" I love feeling the wind through my hair net at top speeds of 40 mph."
- The busted lady I saw driving in the fast lane down the highway in her old, beat up, Ford truck while sporting a large black hair net.
Ok, so she (who honestly could have very well been a he) didn't actually say that, I am improvising a smidge. At any rate, I got stuck behind he/she on the way to an appointment yesterday afternoon.
Kinda wanted to tell he/she that barely creeping along in the left lane as if you are trapped in some space-time continuum only does two things: A-makes you look like an jacka$$ to those of us who appreciate arriving anywhere on time, and B- it also draws painfully slow attention to the fact that you are wearing a ridiculous hair net.

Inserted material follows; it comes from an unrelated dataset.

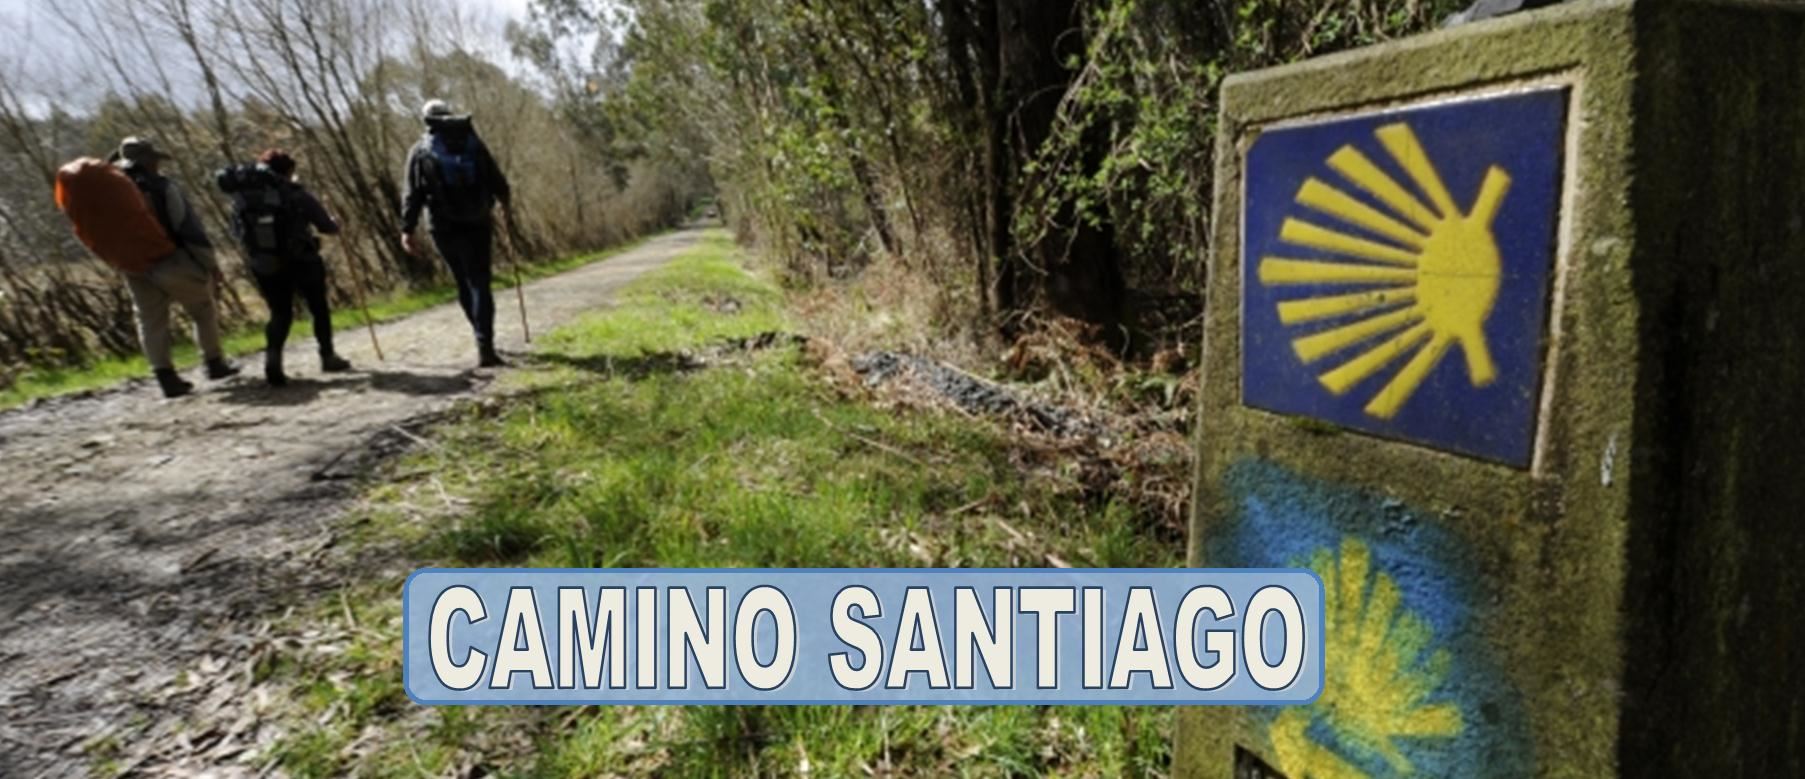 CAMINO DE SANTIAGO - CAMINO DE SANTIAGO ORGANIZADO
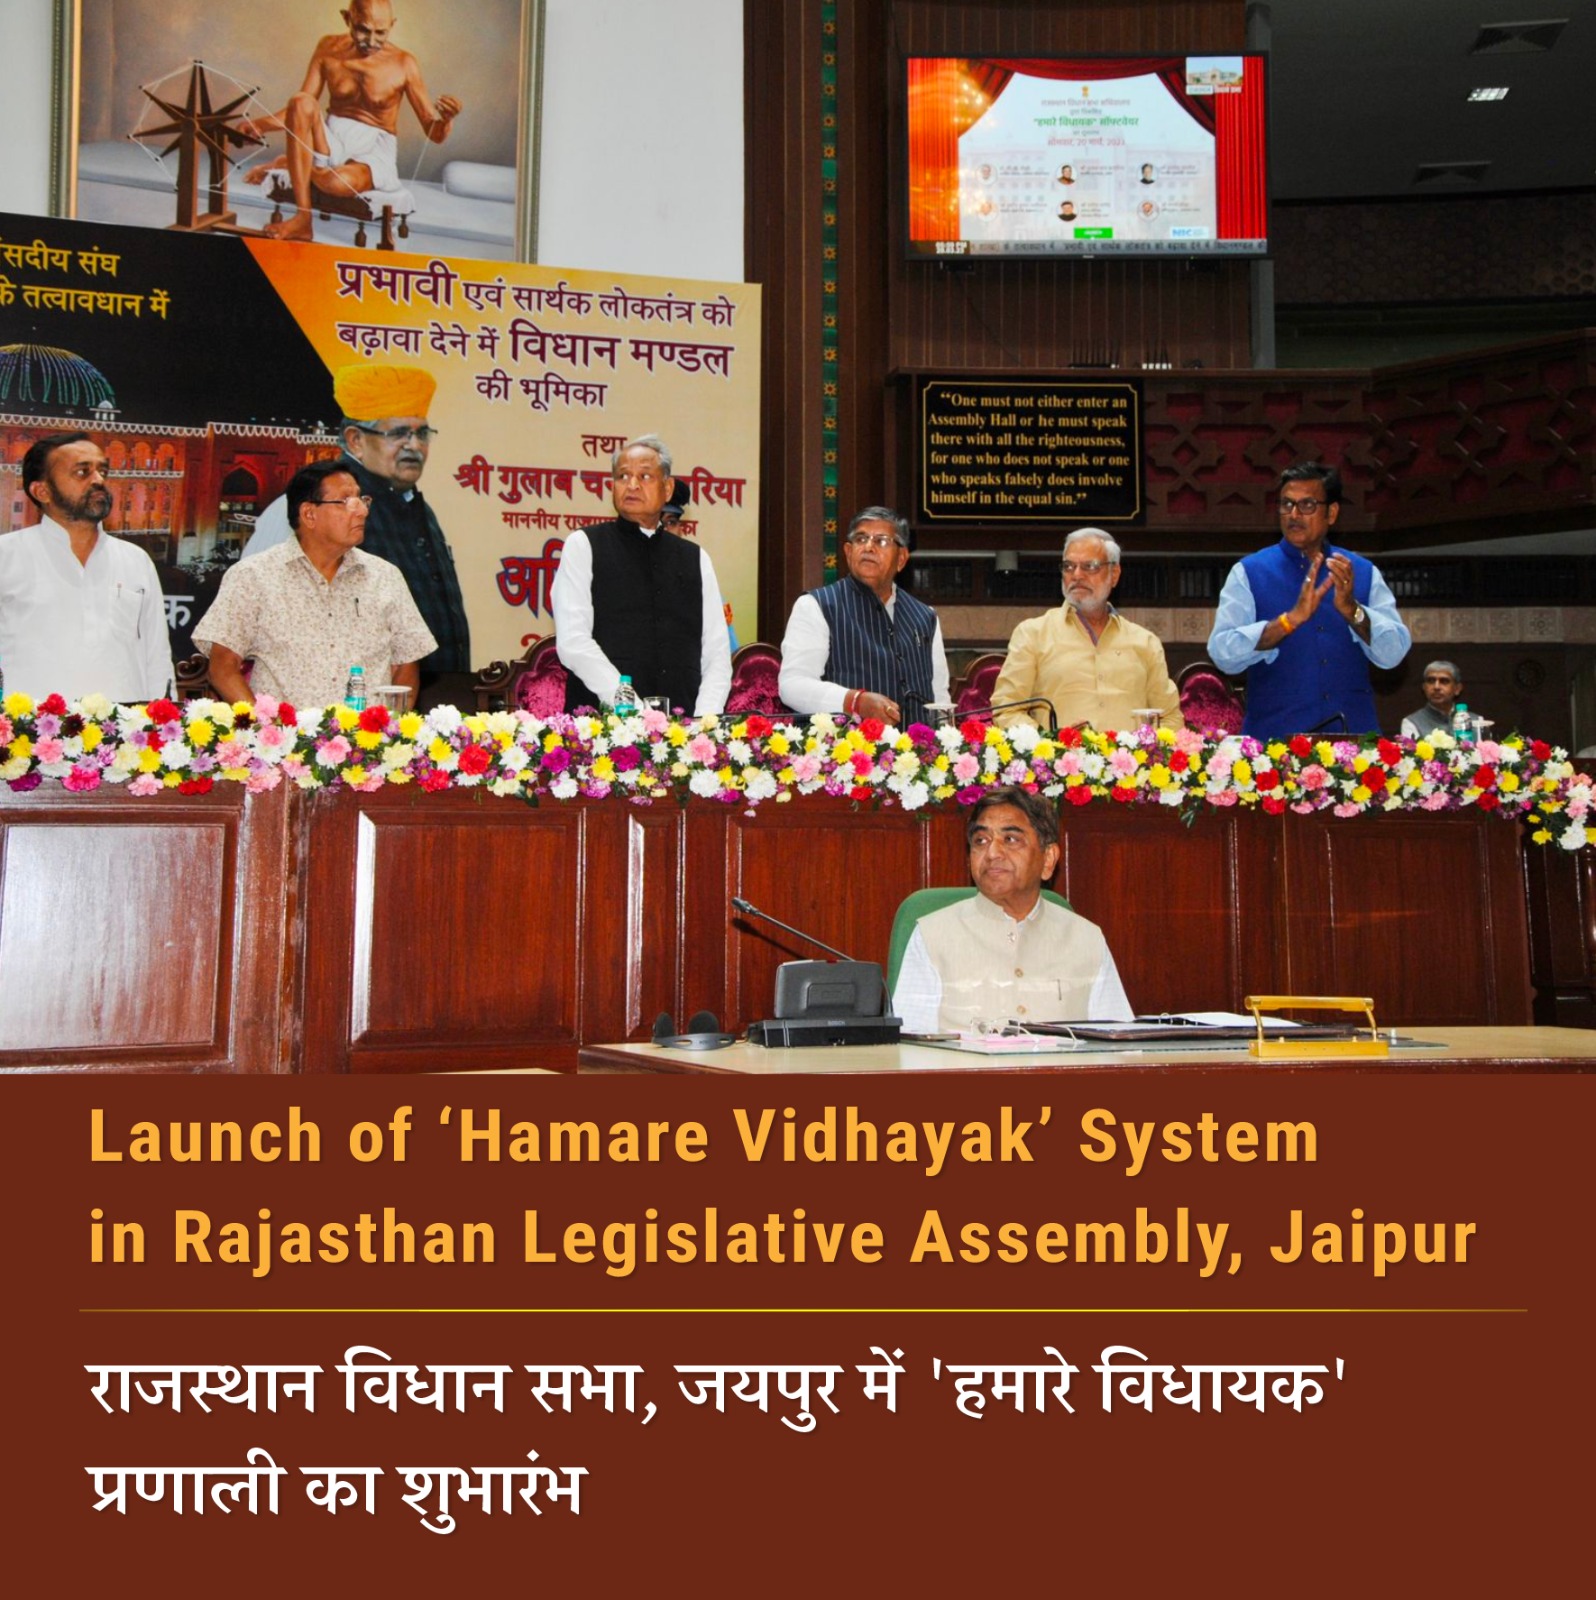 Image of राजस्थान विधान सभा, जयपुर में ‘हमारे विधायक’ प्रणाली का शुभारंभ।

I tried very hard to figure out what was going on with what I was seeing. Was the hair net intended to be some sort of accessory? Was I cruising alongside a lunch lady? Are those old truck windows stuck in the down position, forcing he/she to take unfashionable measures to save their hairstyle? It was barely 50 degrees, without the wind, so I am leaning towards busted lady- in a busted truck- with busted windows theory.
Aaaaaaand I am going to go ahead and wrap this up, because I apparently spend way too much time contemplating excessively unimportant things. How do I ever get anything done?